Polypeptide Elongation Translational elongation factors are also subject to global regulation but there is little that can be done in terms of expression construct design to exploit this. However, one feature of construct design that can have a significant effect on polypeptide elongation in transgenic plants is the codon bias in the transgene’s coding region in comparison to the codon preferences of the host. Different species have very different codon preferences when specifying degenerate amino acids. Taking the amino acid arginine as an example, the codon CGU is preferred in alfalfa (Medicago sativa, lucerne), and is 50 times more likely to occur than the rarest codon, CGG. In contrast, both of these codons are equally prevalent in corn, but the preferred choice is CGC. In yeast, AGA is by far the most popular codon for arginine, and this is also the case in potato (Solanum tuberosum), soybean (Glycine max), tobacco, and
133
tomato (Solanum lycopersicum).
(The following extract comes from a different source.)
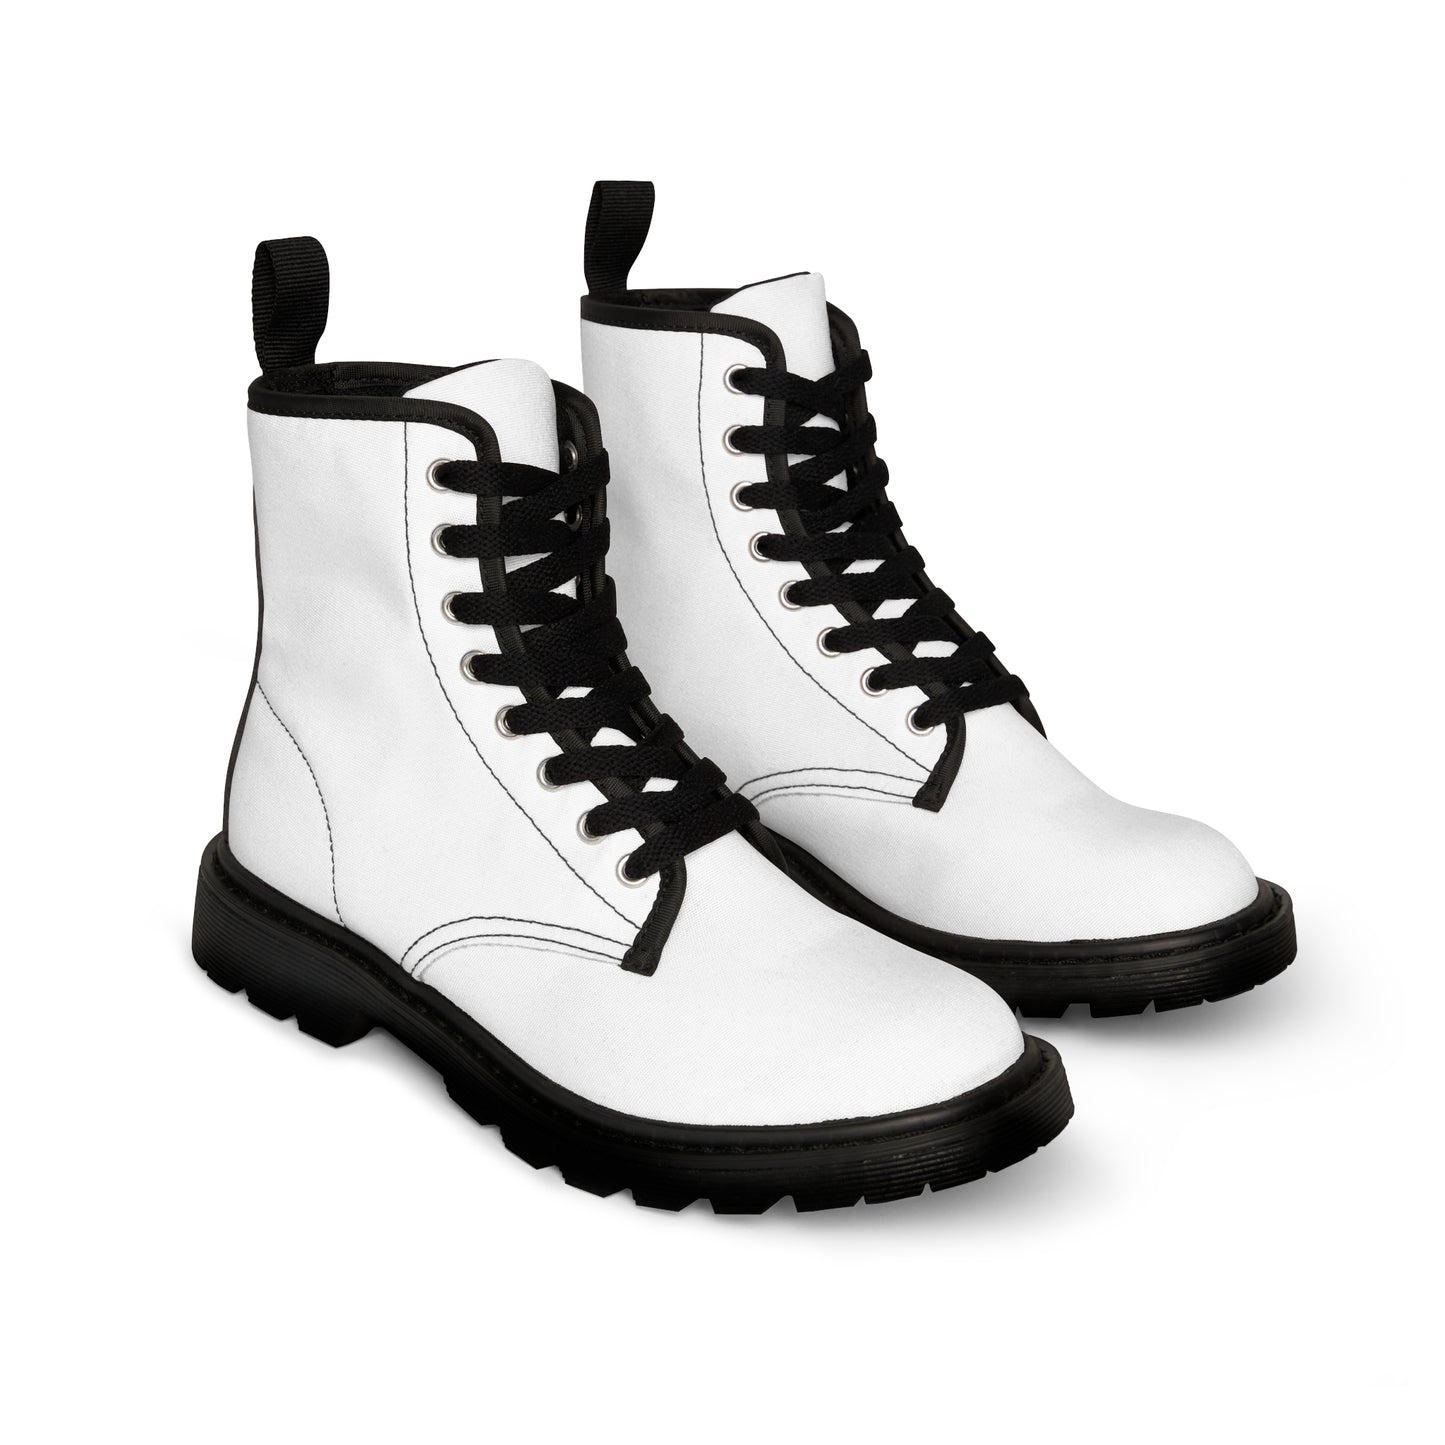 Men's Canvas Boots - Template US 10.5 Black sole

The expression of foreign transgenes in transgenic plants can therefore be very inefficient if infrequently used codons are abundant. The ribosome pauses at such codons and this generally reduces the rate at which the recombinant protein accumulates. However, more serious problems can also occur such as premature termination, misincorporation, frameshifting, and skipping. This is yet another reason why native Bt genes are not expressed efficiently in transgenic plants. Codon optimization is the process of modifying a foreign transgene by introducing silent mutations that bring codon preference in-line with that of the host plant.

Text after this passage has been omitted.